Sunday, May 28, 2017

immortality

One of the most unsettling aspects of a life in art is the rapid change of its underlying assumptions. It can take more than a lifetime for one's artistic abilities to mature, but an artist who strives for, say, beauty may find, just as she achieves this goal, that beauty is no longer of interest, and that the world of art has moved along to some other metric of artistic goodness, such as the current favorite of preaching to the choir.

There is no end to the cranky rantings of elder composers who decry the loss of interest in whatever they think is still important, even though they were happy to kick in the teeth the motivations of those who came before them. John Adams, who complained early on that the Pulitzers were not inclusive enough, has criticized the more recent Pulitzer winners for being the product of the times, where we are between times of high art, sounding not unlike those uptowners who complained about composers like him.

I wonder - who is it who decides on these metrics of artistic goodness?  Is it simply fashion, like hemlines?  The standards by which art is judged seem to seem so obvious to those in the middle of it: cleverness, social justice, glorification of the almighty, prettiness, commercial success, shocking la bourgeoisie, the latest gizmos, mastery of craft.  We the artists try not to pay attention, but we all crave the pat on the back and the envelope of cash that comes with timely success. And if one lives long enough, will one eventually be able to retrieve that old checkered sport coat from the downstairs closet and have everyone tell you how cool it is?  Maybe, but most likely your own tastes will diverge ever more from those of the perpetually reinvented artistic community. How lost would the revivified sculptor of any culture a thousand years ago be in an art world where, as shifting phenomena become frozen through emergent and personal practice, the viewer is left with a hymn to the possibilities of our culture?

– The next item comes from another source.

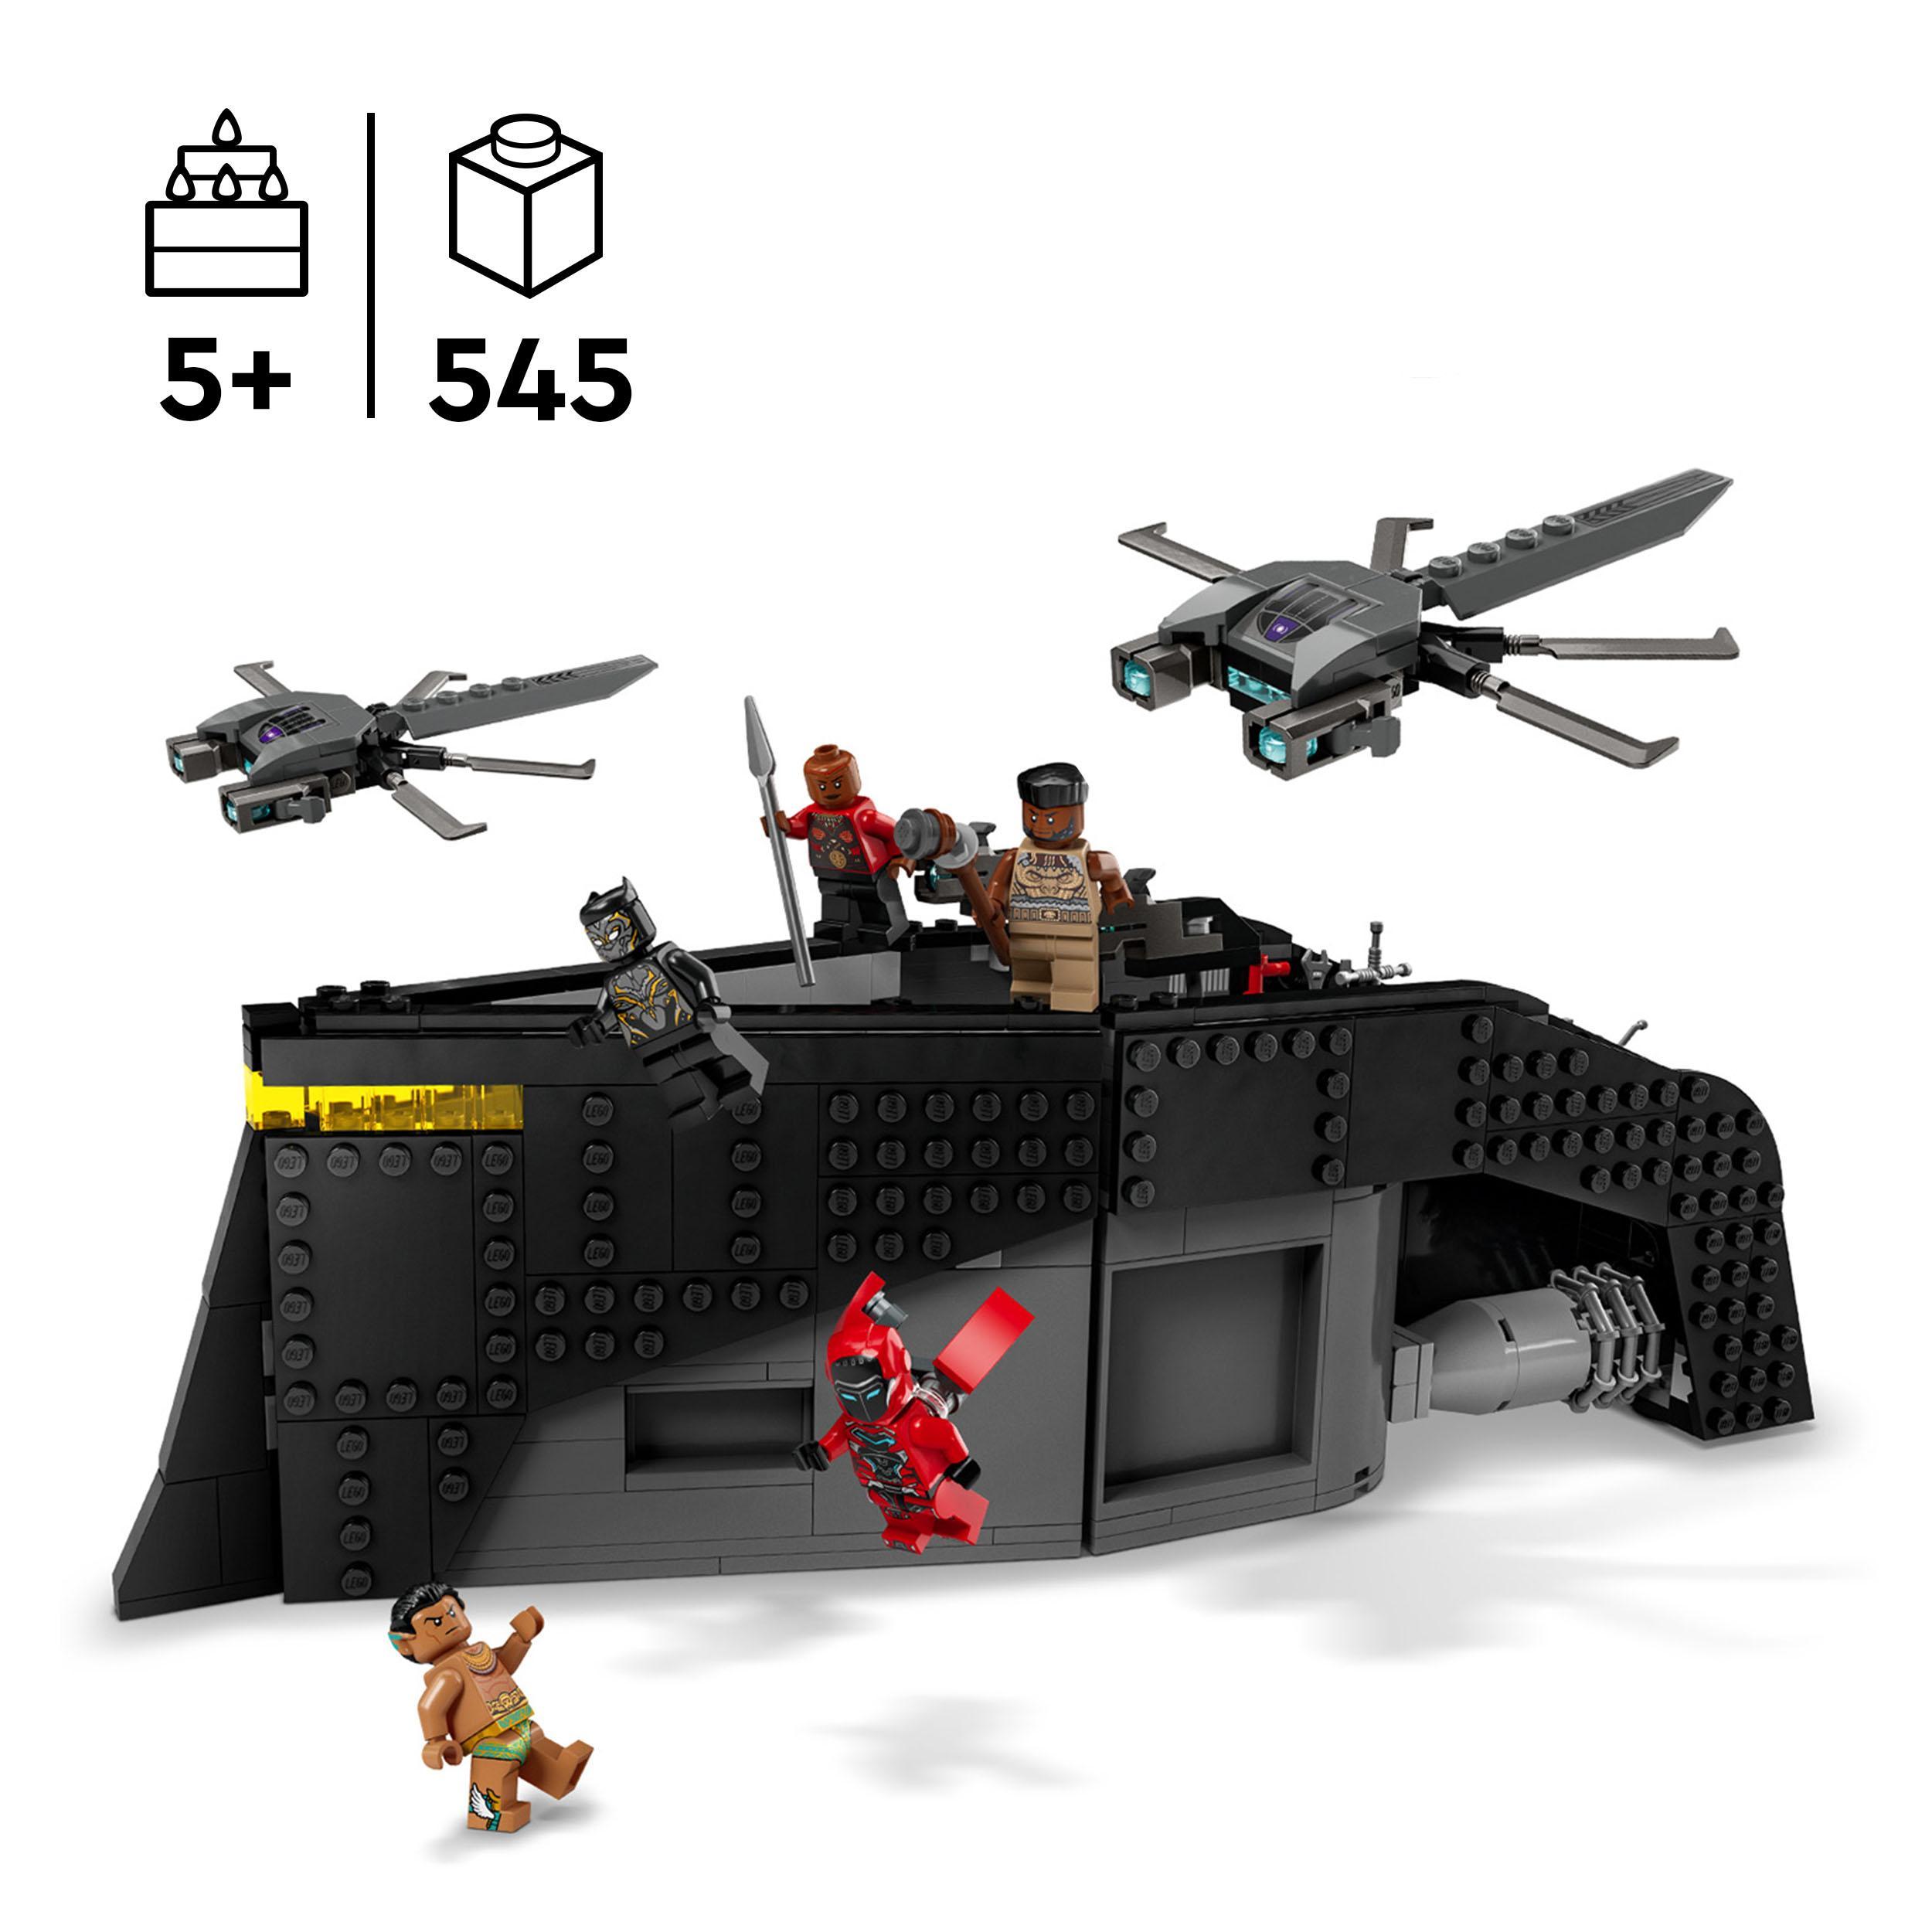 Lego marvel 76214 black panther: guerra sull’acqua! giochi per bambini con nave giocattolo, supereroi dal film wakanda forever - LEGO SUPER HEROES, Avengers, Lego
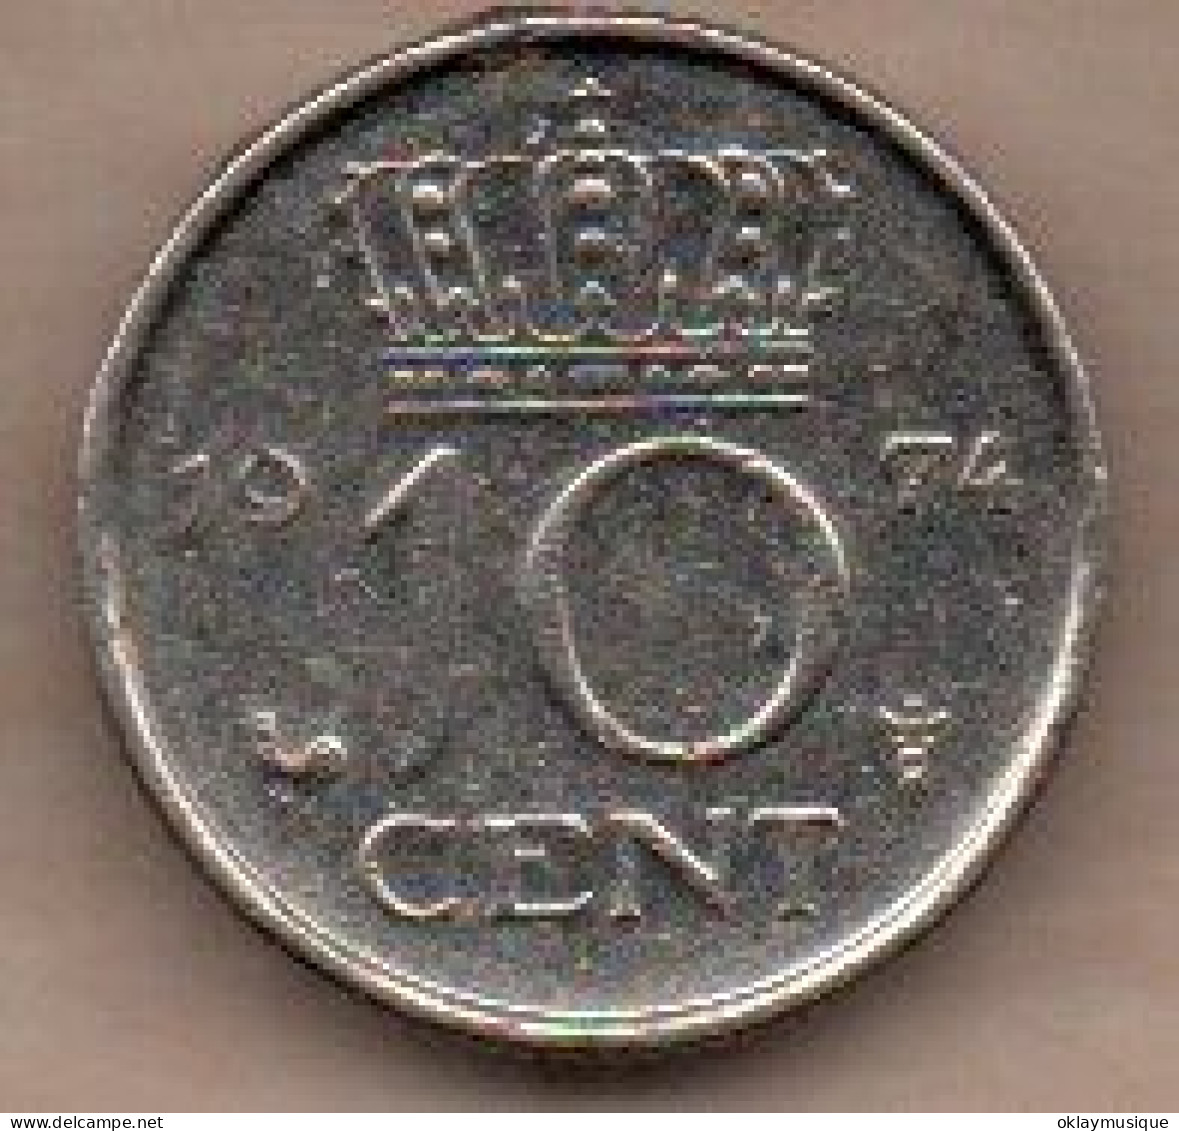 10 Cents 1974 - 10 Cent

But still there is a desire for immortality, artistic or literal. Both are impossible to control. Several therapists ago, I mentioned how my tech colleagues seemed to be racing to develop a literal immortality for their own bodies, and he guffawed at their credulity. How much the same is this desire to that which has always been, only now clothed in the lab coat of scientific and technological singularity? A case in point: the Totentanz at Mrtvaški ples. The latest desire for immortality through technology is no different than the seeking of comfort through religion, the contentment that comes from ignoring the truth, until it can no longer be ignored.